====== Provided data ======

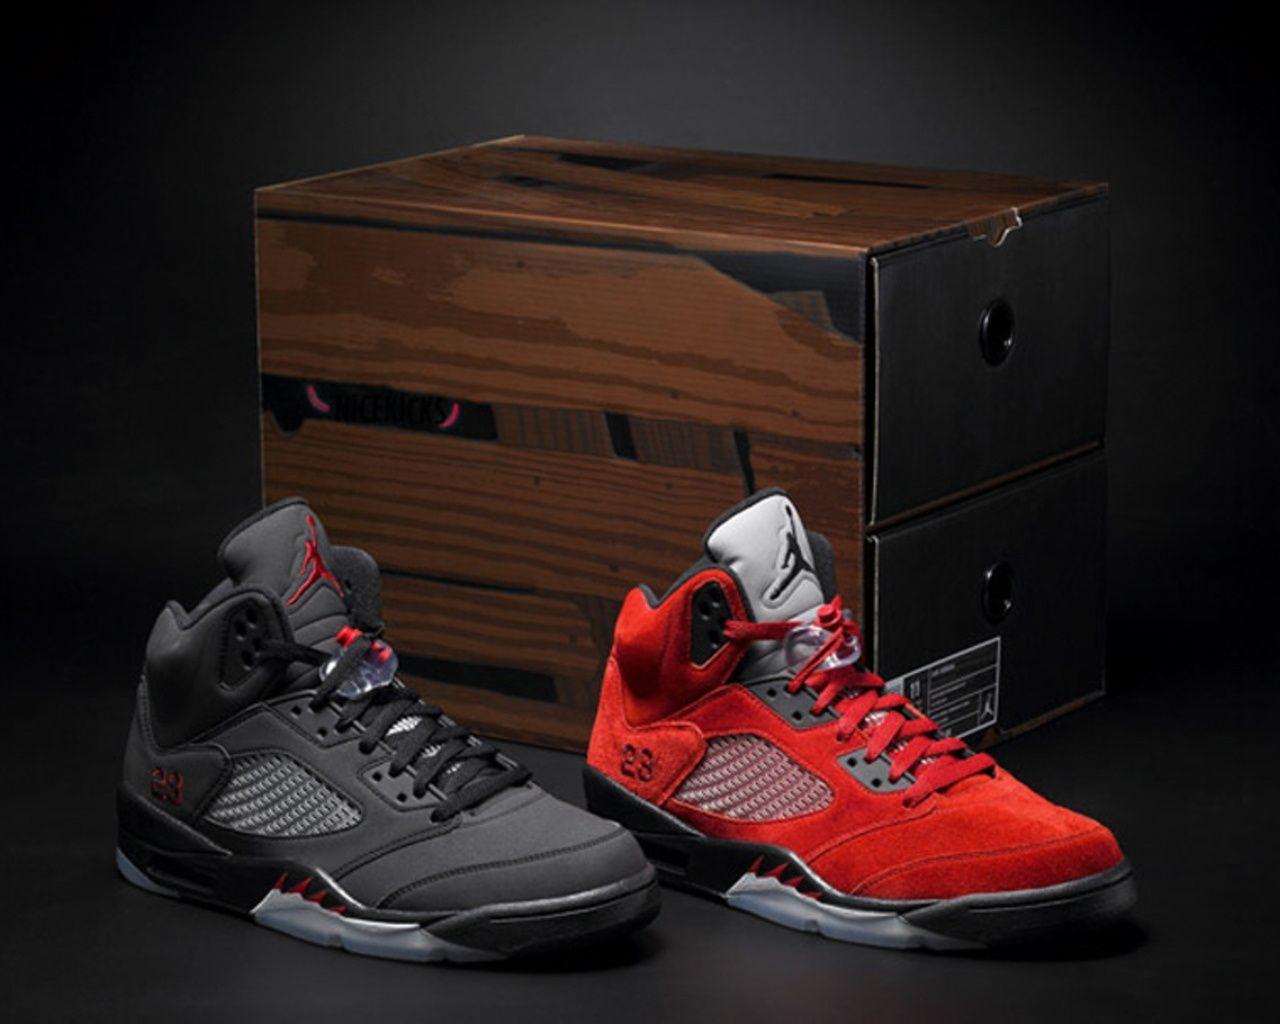 more photos 236f7 d8e83 Air Jordan 5 in 1280x1024 resolution - HD Desktop Wallpapers
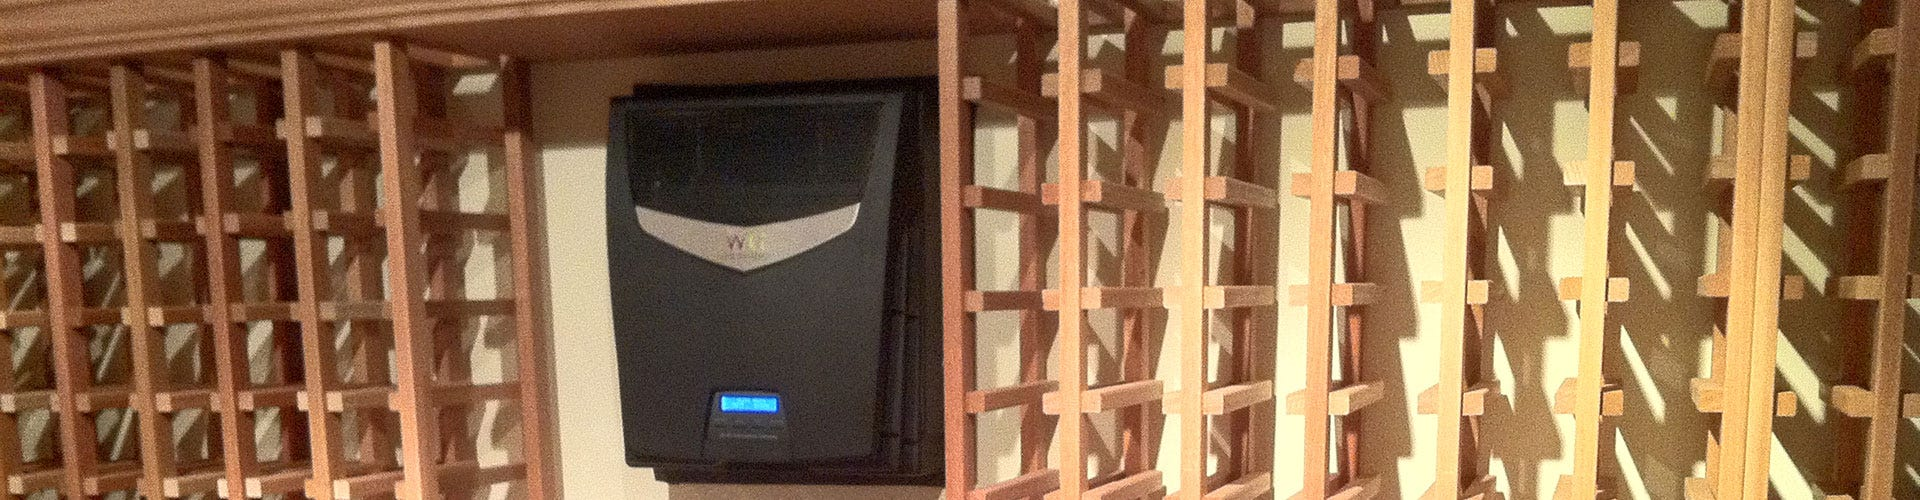 Wine Cellar Cooling Units
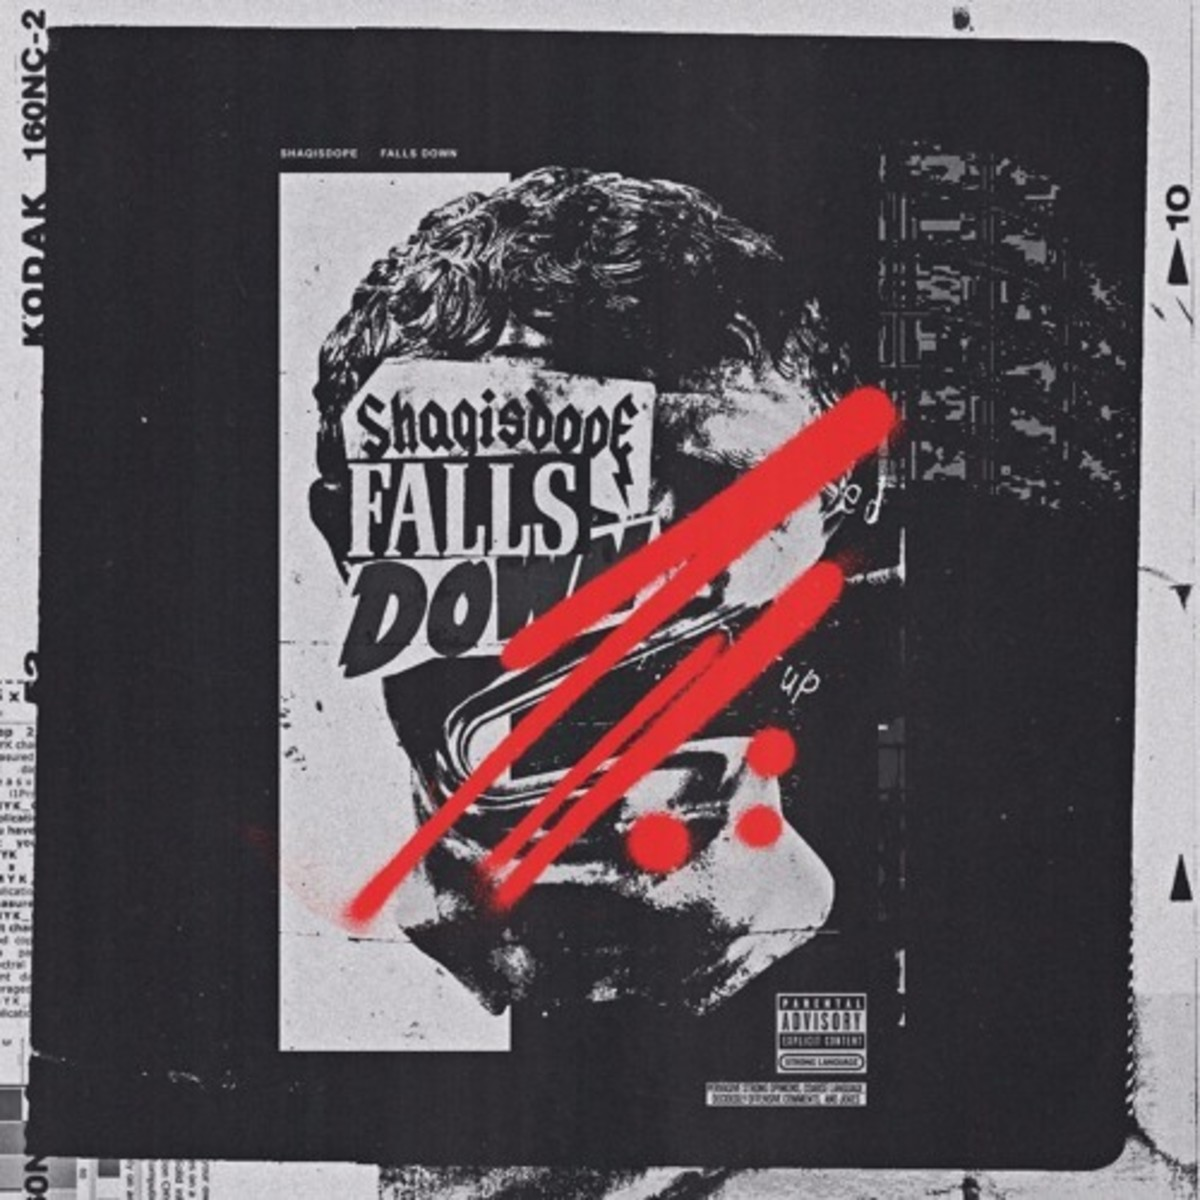 shaqisdope-falls-down.jpg

======

Extract only the lines from the line containing "Wine Cellar Cooling Units" through the final line of the listing above, unchanged; pictures stay out of the copy.

Solution for this problem.
 Wine Cellar Cooling Units
 shaqisdope-falls-down.jpg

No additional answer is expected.